A new Agent development platform makes its debut
Realize end - to - end software development automation
Today, Google also released a new Agent development platform, Google Antigravity.
With the advanced inference, tool use, and Agent programming capabilities of Gemini 3, Google Antigravity transforms AI - assisted features from just a tool in the developer's toolkit into a proactive partner.

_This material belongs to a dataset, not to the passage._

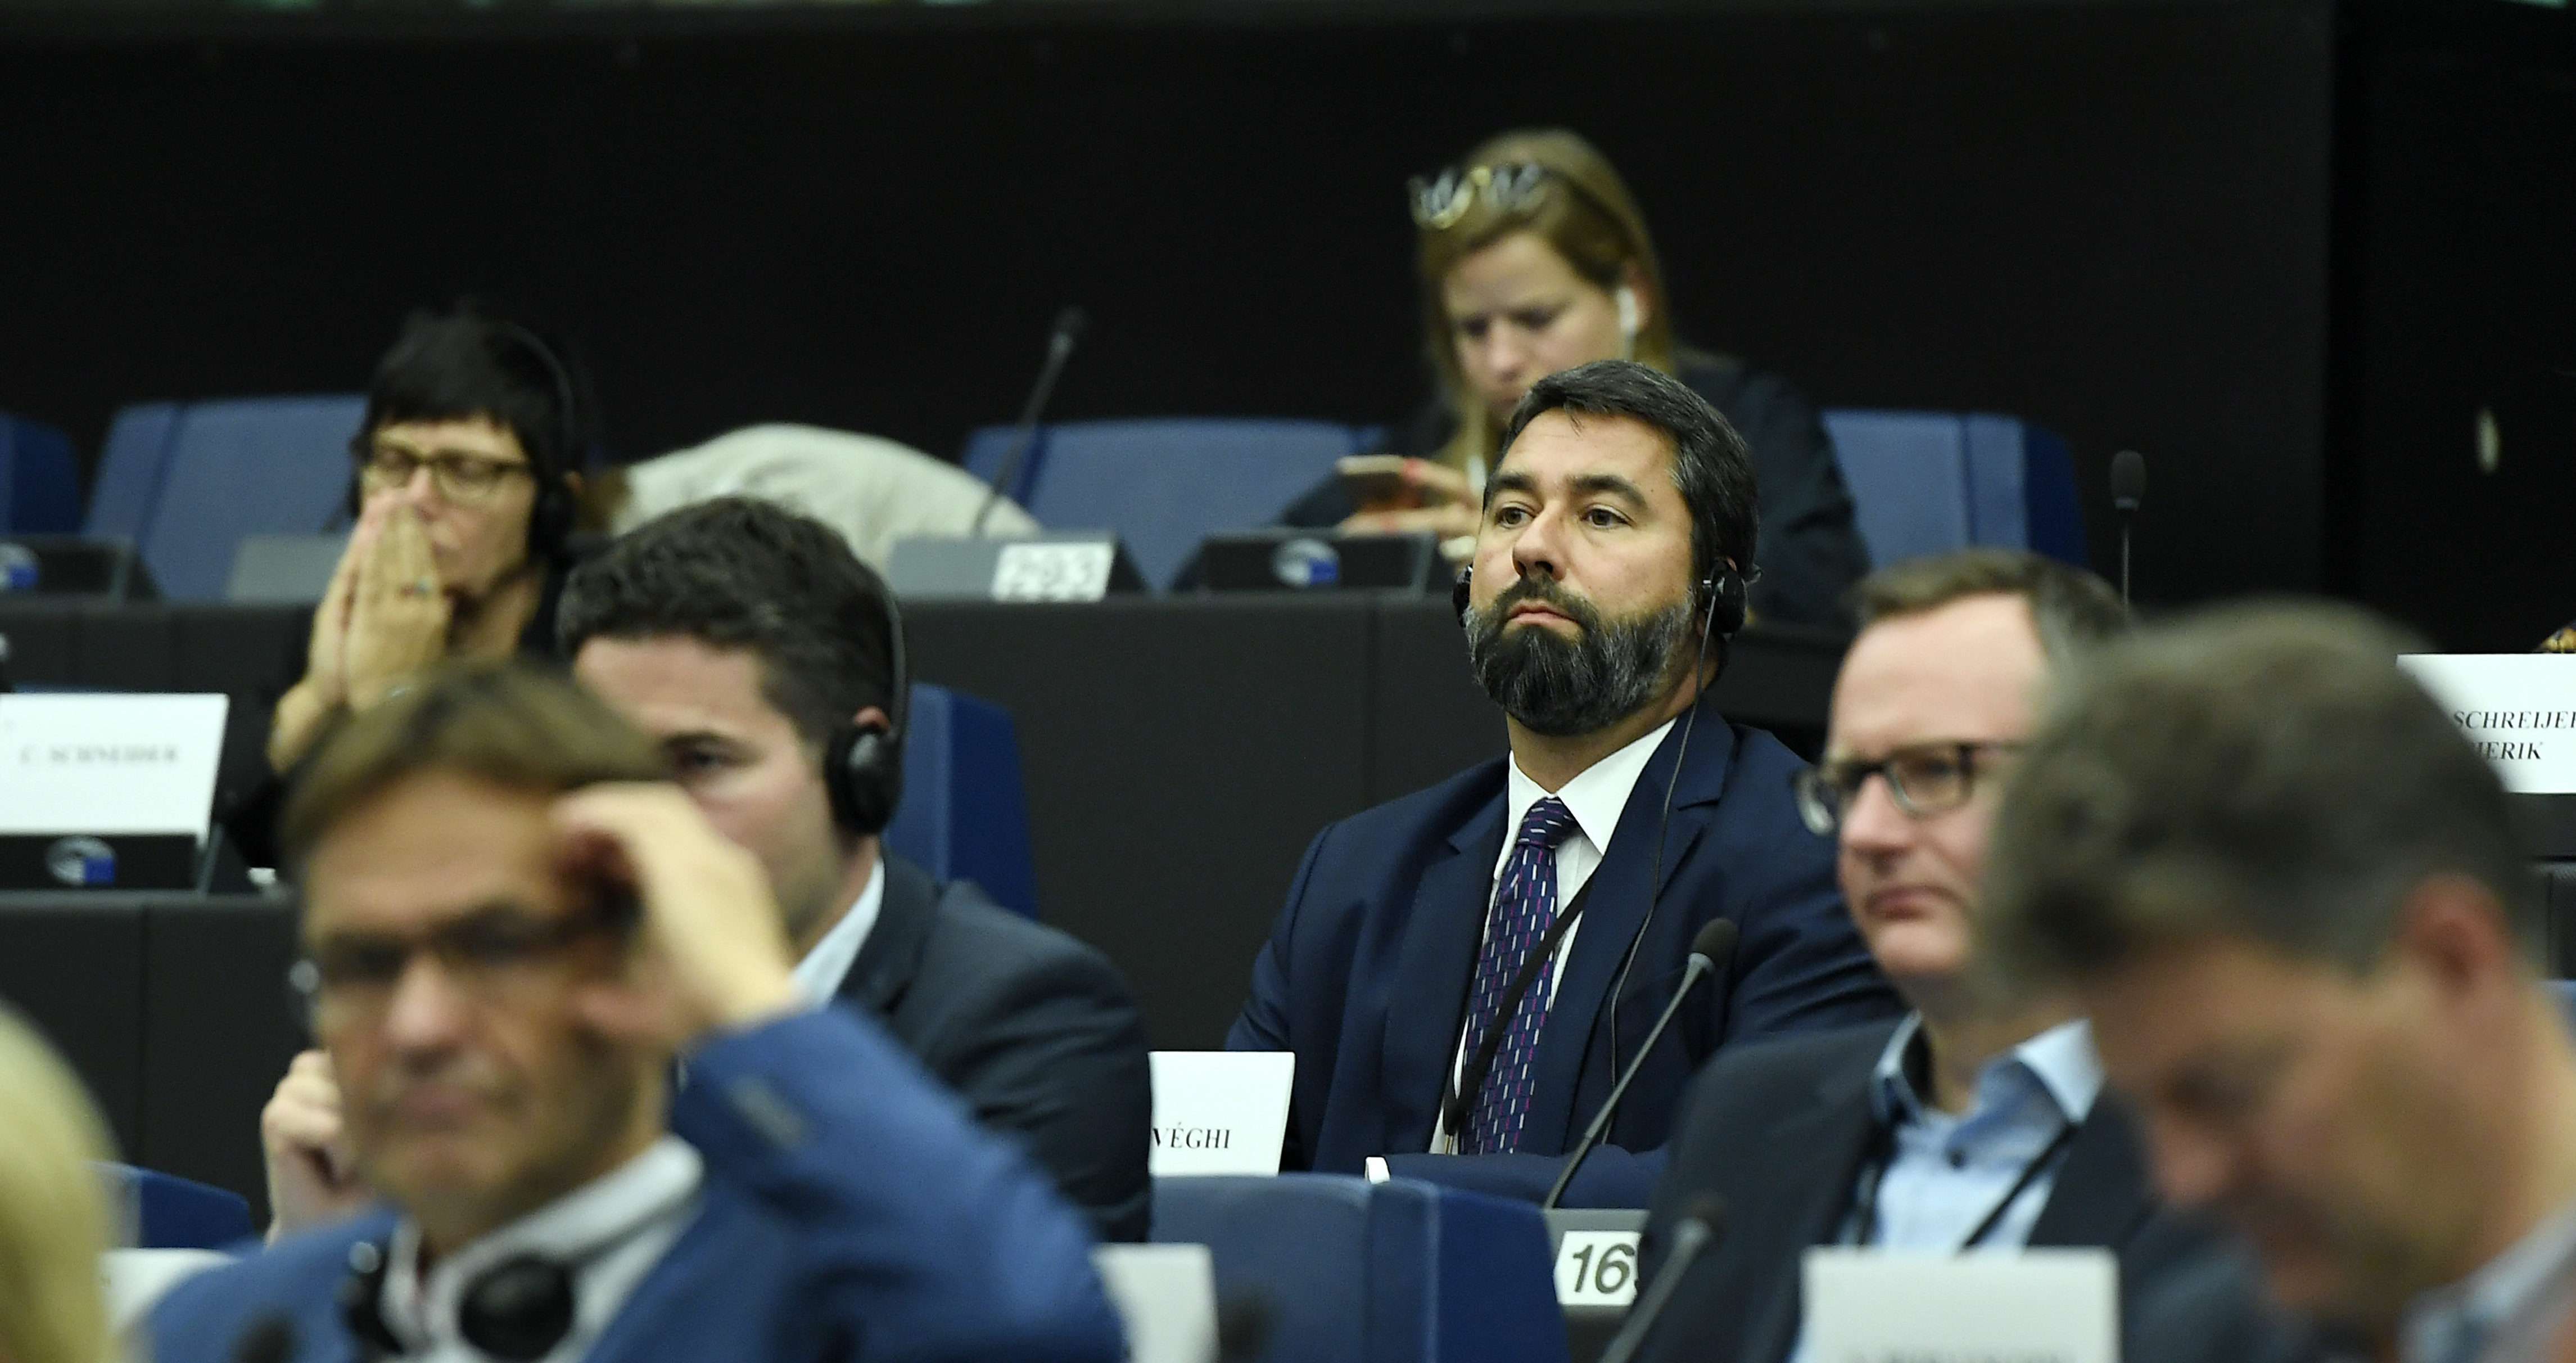 Fideszov zastupnik u Europskom parlamentu Hidvéghi eu brussles
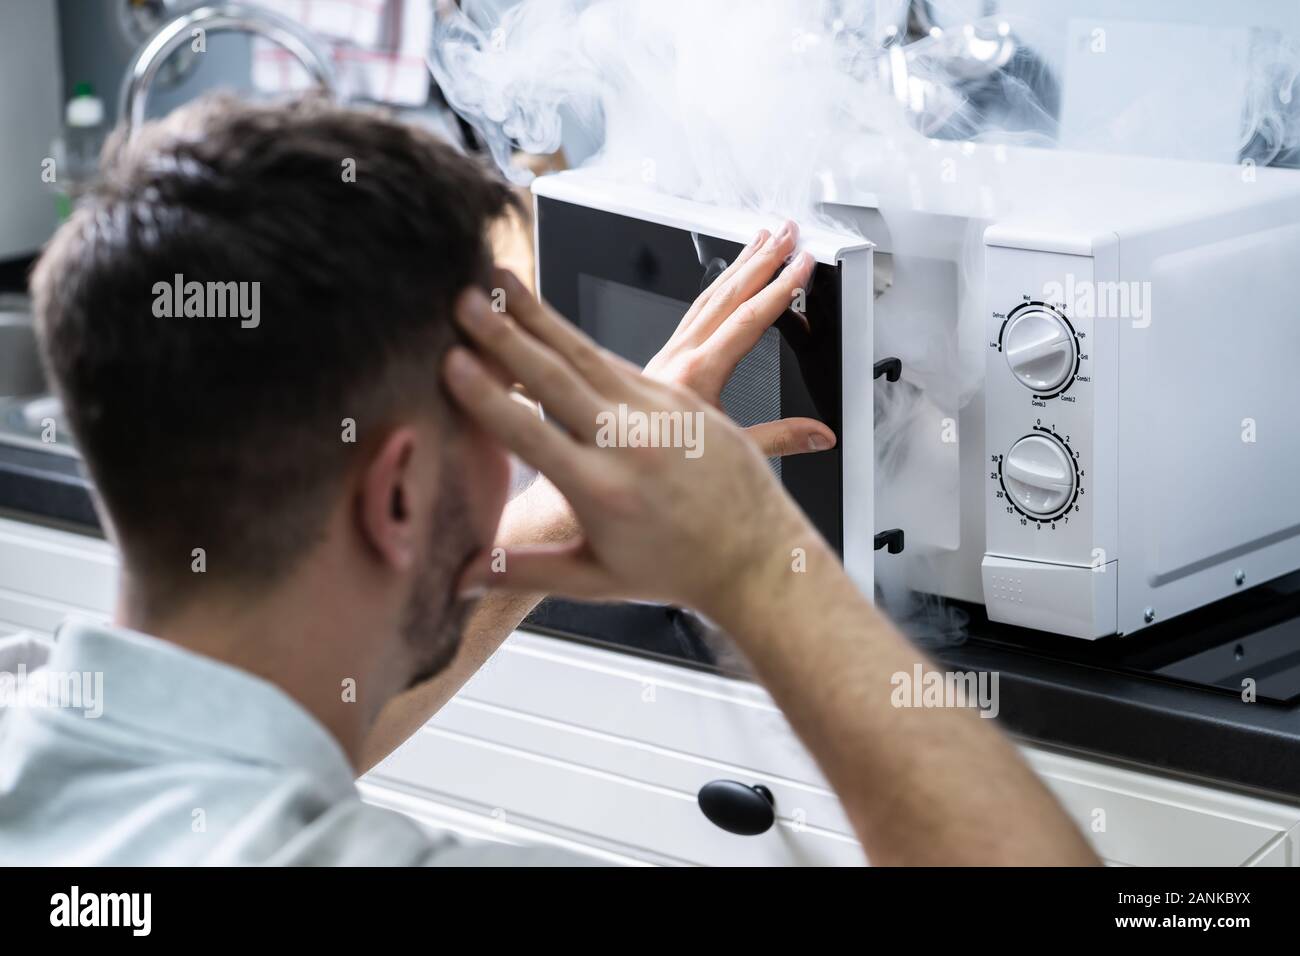 Jeune homme pulvérisant extincteur sur le four à micro-ondes dans la cuisine Banque D'Images

Although the core of Google Antigravity is still the AI integrated development environment (AI IDE) experience, its Agents have been upgraded to a dedicated interface and can directly access the editor, terminal, and browser. Now, these Agents can independently plan and synchronously execute complex end - to - end software tasks for developers while also validating their own code.
In addition to Gemini 3 Pro, Google Antigravity will also integrate Google's latest Gemini 2.5 Computer Use model and the image - editing model Nano Banana.
Google Antigravity used Gemini 3 to create an end - to - end Agent workflow for a flight - tracking application. This Agent can independently plan, write application code, and verify its execution effect through browser - based computer operations.
Finally, Google also mentioned that Gemini 3 is its safest model to date and has undergone the most comprehensive security assessment among Google's AI models. Model evaluation results show that it has less sycophantic behavior, stronger resistance to immediate injection, and improved protection against network attack abuse.
Nearly two years have passed since the release of the Gemini model in December 2023: Gemini 1 made breakthroughs in native multimodality and long - context windows, expanding the types and volume of information that can be processed; Gemini 2 can help users handle more complex tasks and ideas, and Gemini 2.5 Pro led the LMArena rankings for more than six months.
Now, the monthly active users of Google's AI Overviews search function based on the Gemini model have reached 2 billion, the monthly active users of Gemini applications exceed 650 million, more than 70% of cloud customers use Google's AI features, and 13 million developers have built works using its generative models.